[[ Data for the task open ]]

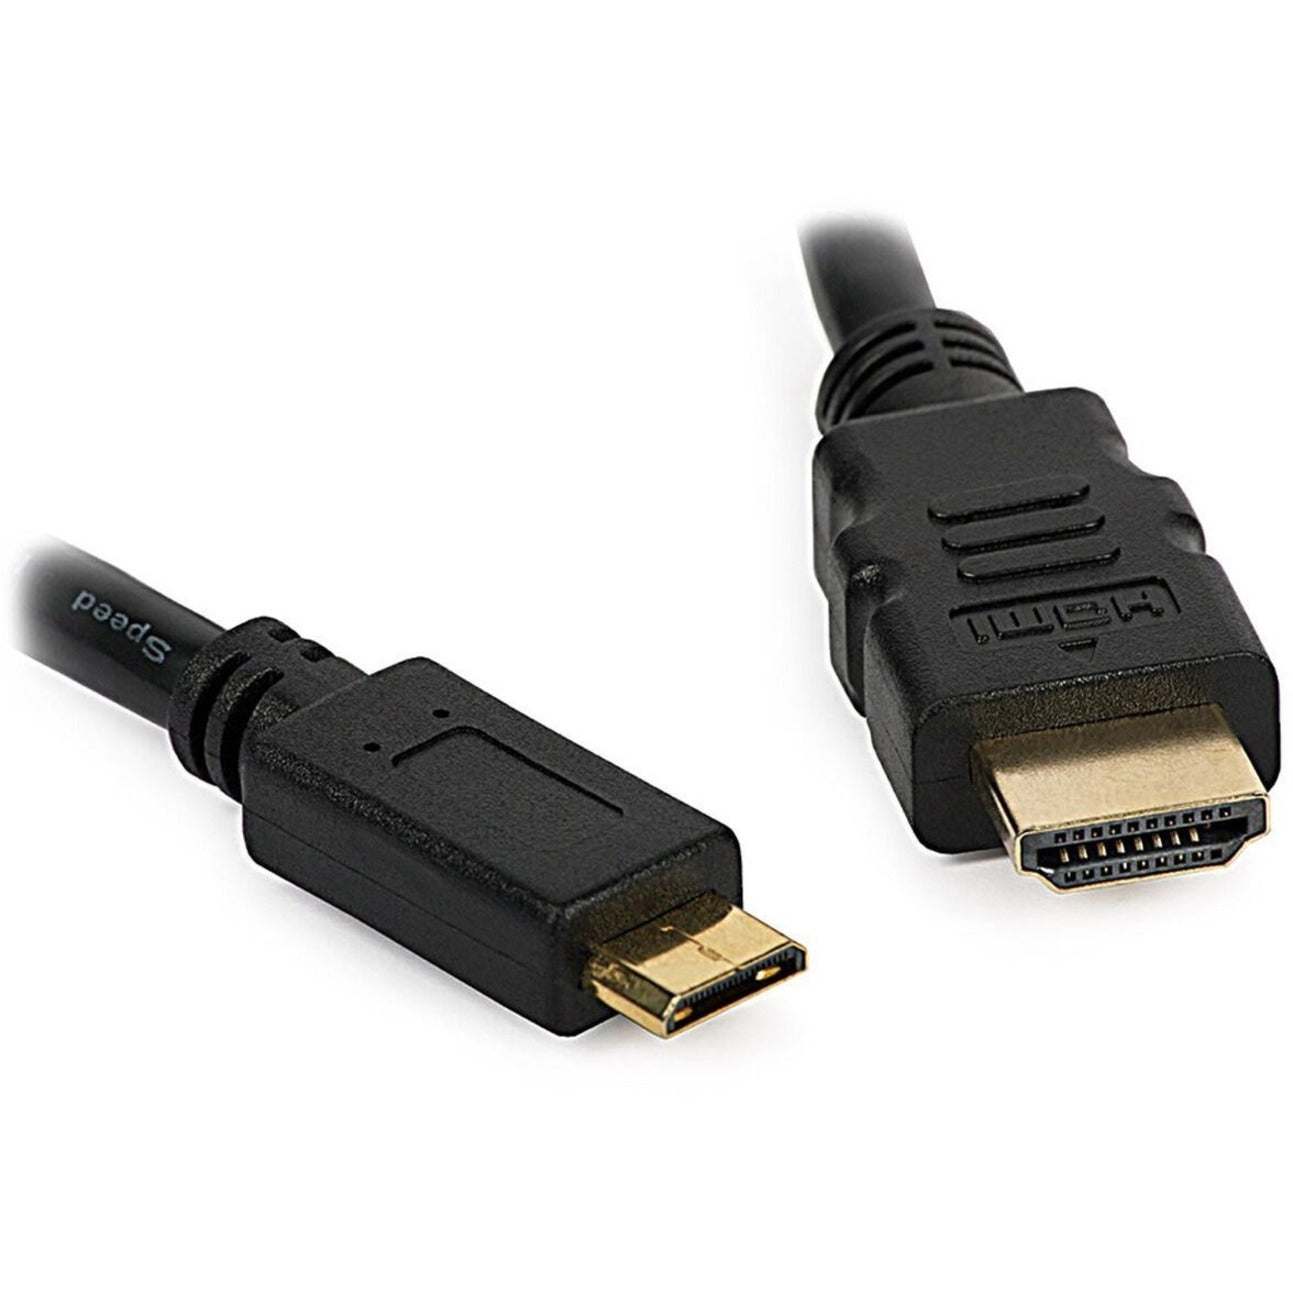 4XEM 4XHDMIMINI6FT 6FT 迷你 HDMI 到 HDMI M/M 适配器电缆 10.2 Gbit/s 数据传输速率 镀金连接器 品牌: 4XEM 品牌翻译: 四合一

[[ Data for the task closed ]]
[[ Data for the task open ]]

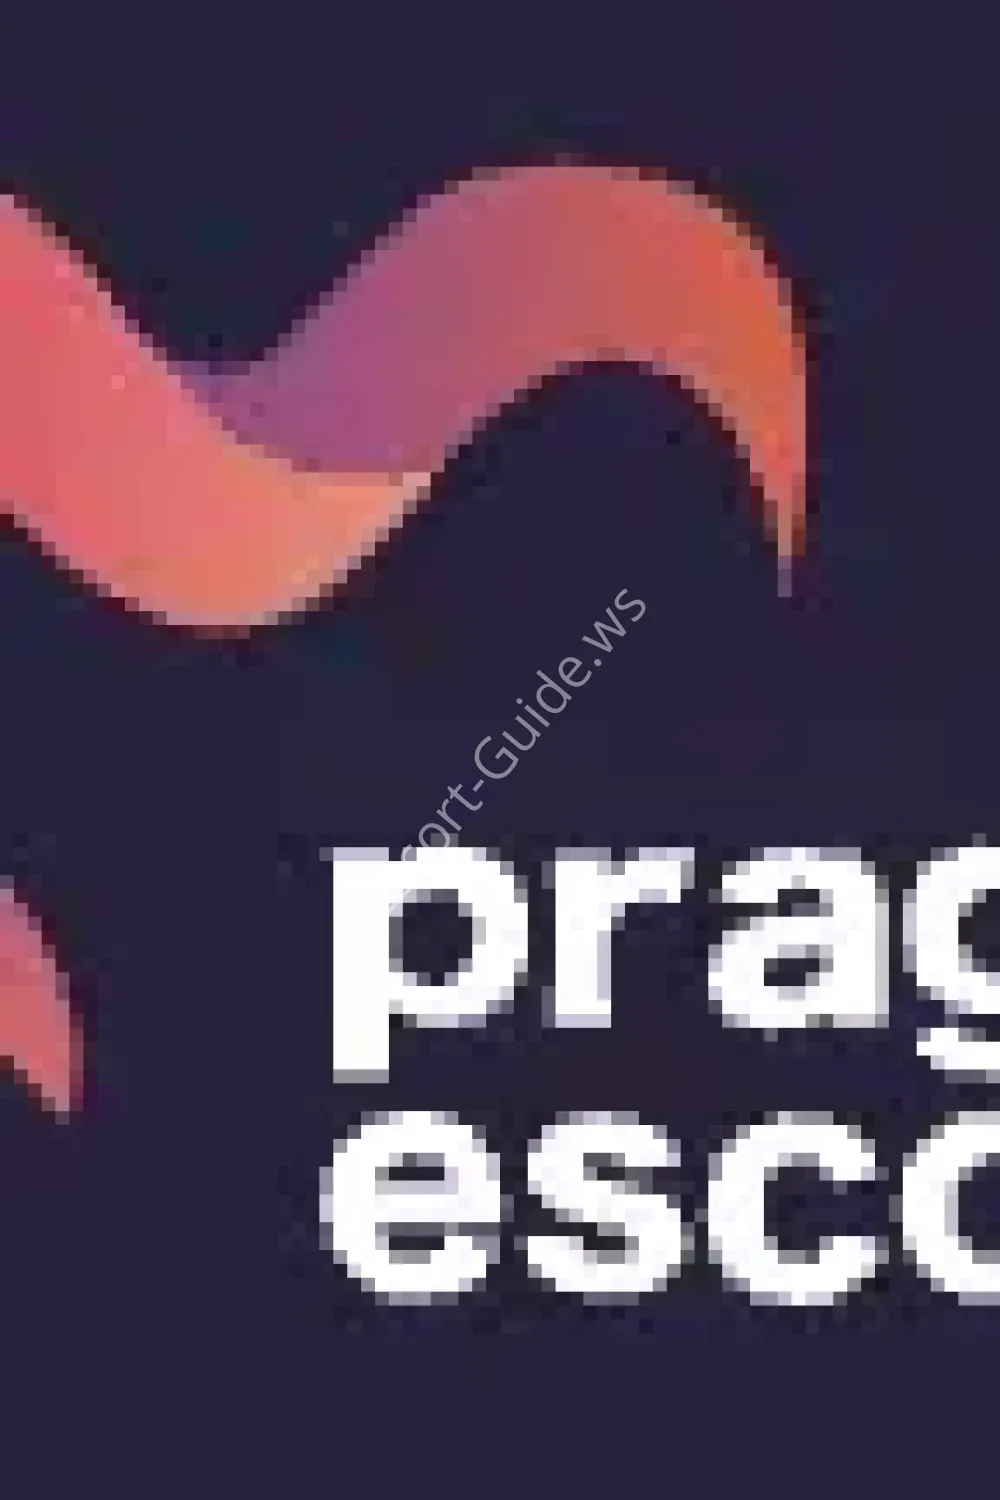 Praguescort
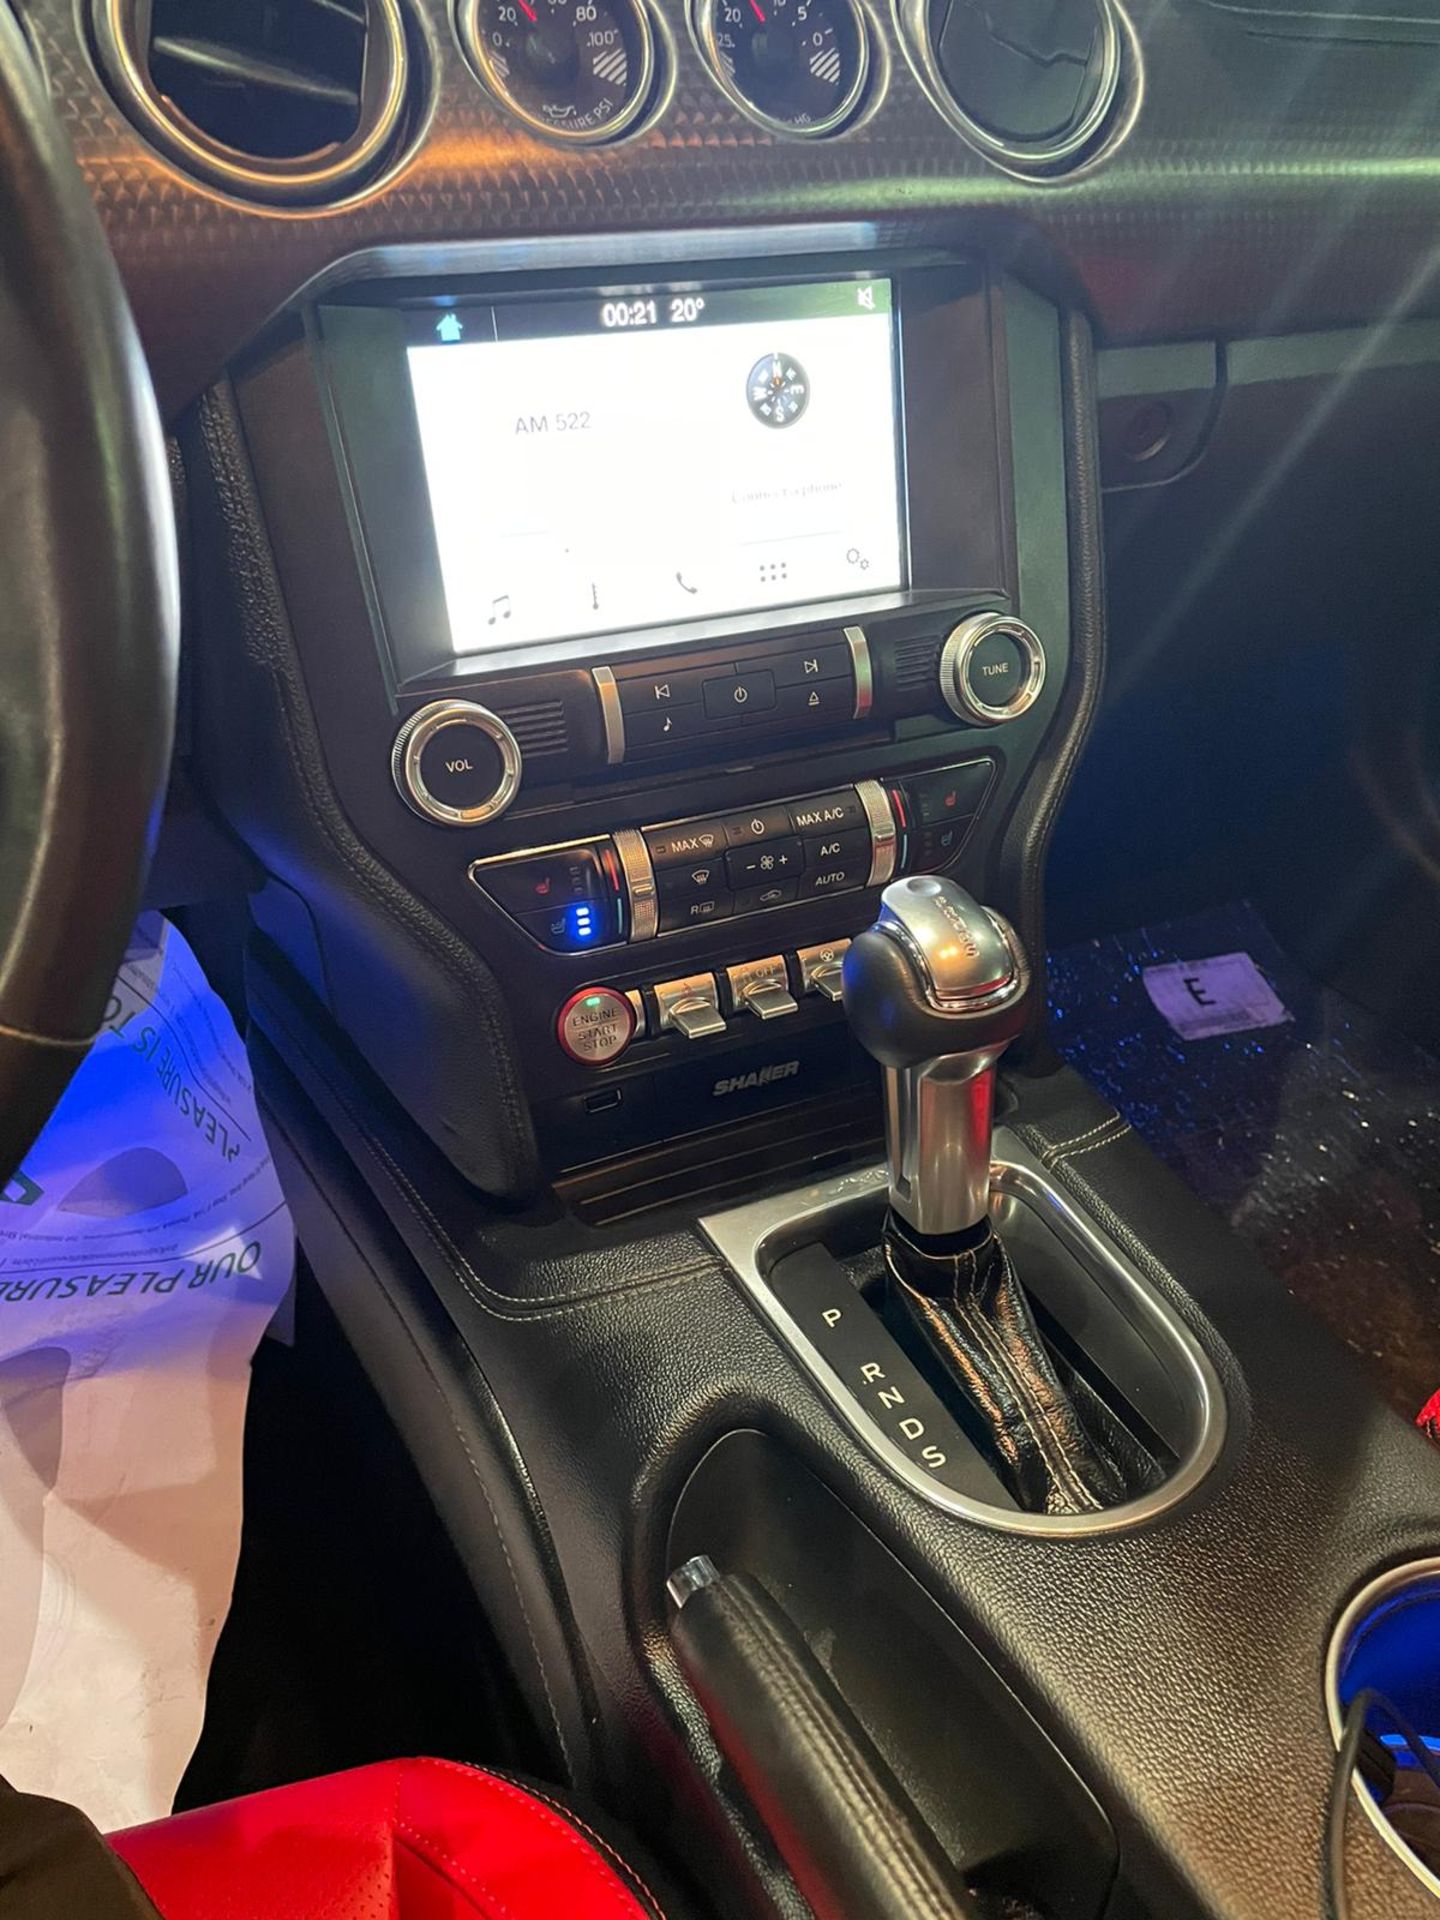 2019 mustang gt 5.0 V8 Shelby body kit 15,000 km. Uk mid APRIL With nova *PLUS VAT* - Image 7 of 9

[[ Data for the task closed ]]
[[ Data for the task open ]]

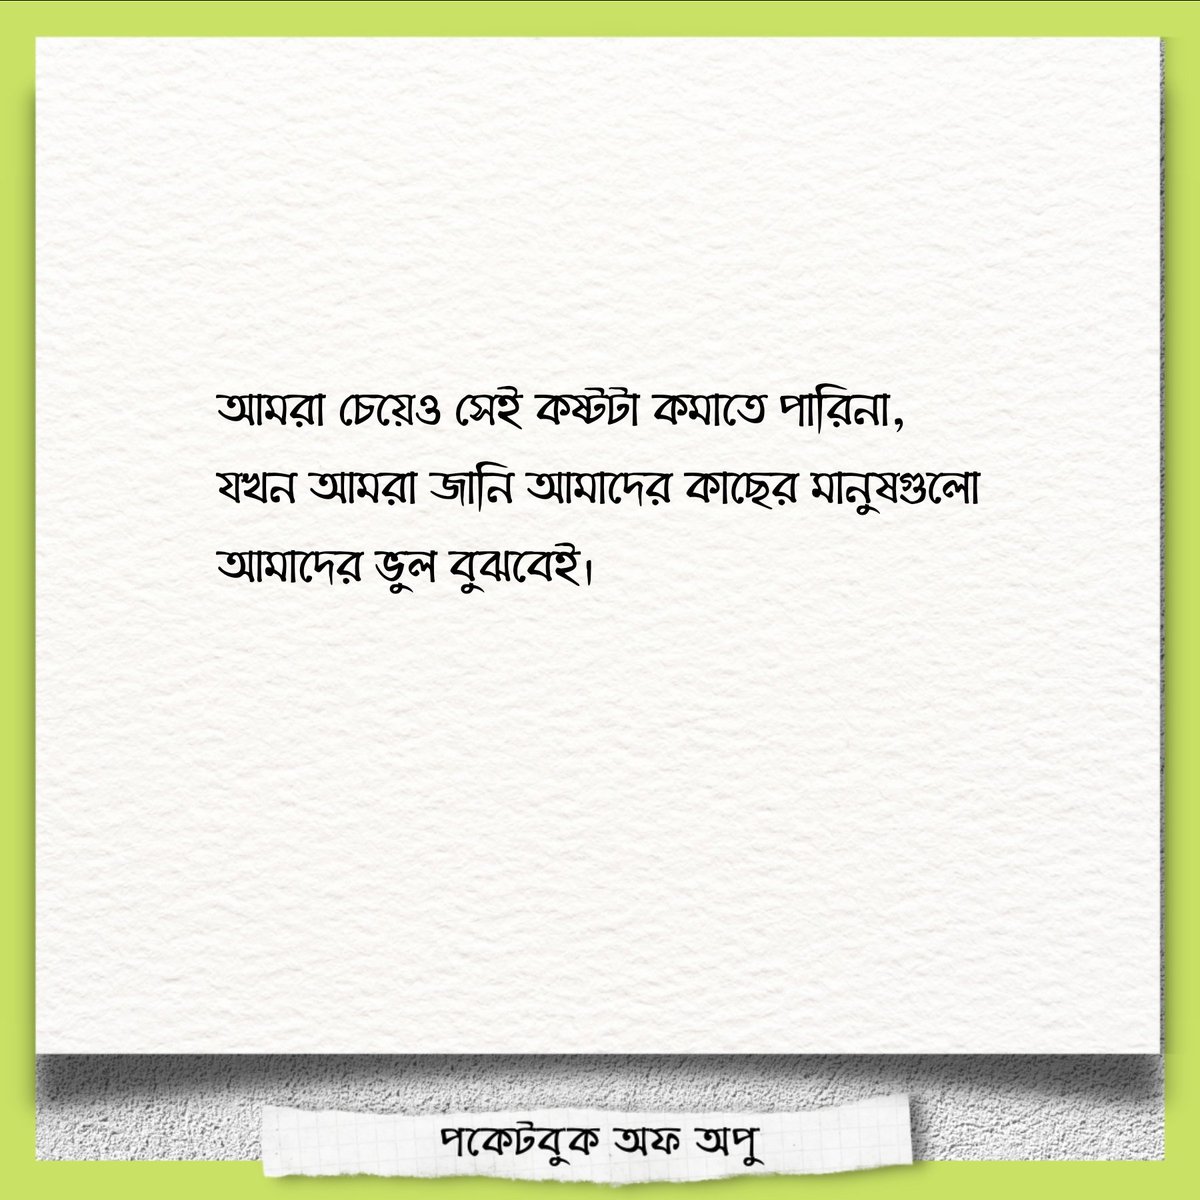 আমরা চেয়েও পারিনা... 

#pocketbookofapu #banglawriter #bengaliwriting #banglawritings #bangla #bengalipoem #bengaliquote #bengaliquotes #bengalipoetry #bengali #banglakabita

[[ Data for the task closed ]]

# Task to carry out
For the material above, give again only the lines starting at the line that contains "আমরা চেয়েও পারিনা..." and ending at the line that contains "#pocketbookofapu #banglawriter #bengaliwriting". Pictures do not belong in the copy.

# Answer below
 আমরা চেয়েও পারিনা... 

#pocketbookofapu #banglawriter #bengaliwriting #banglawritings #bangla #bengalipoem #bengaliquote #bengaliquotes #bengalipoetry #bengali #banglakabita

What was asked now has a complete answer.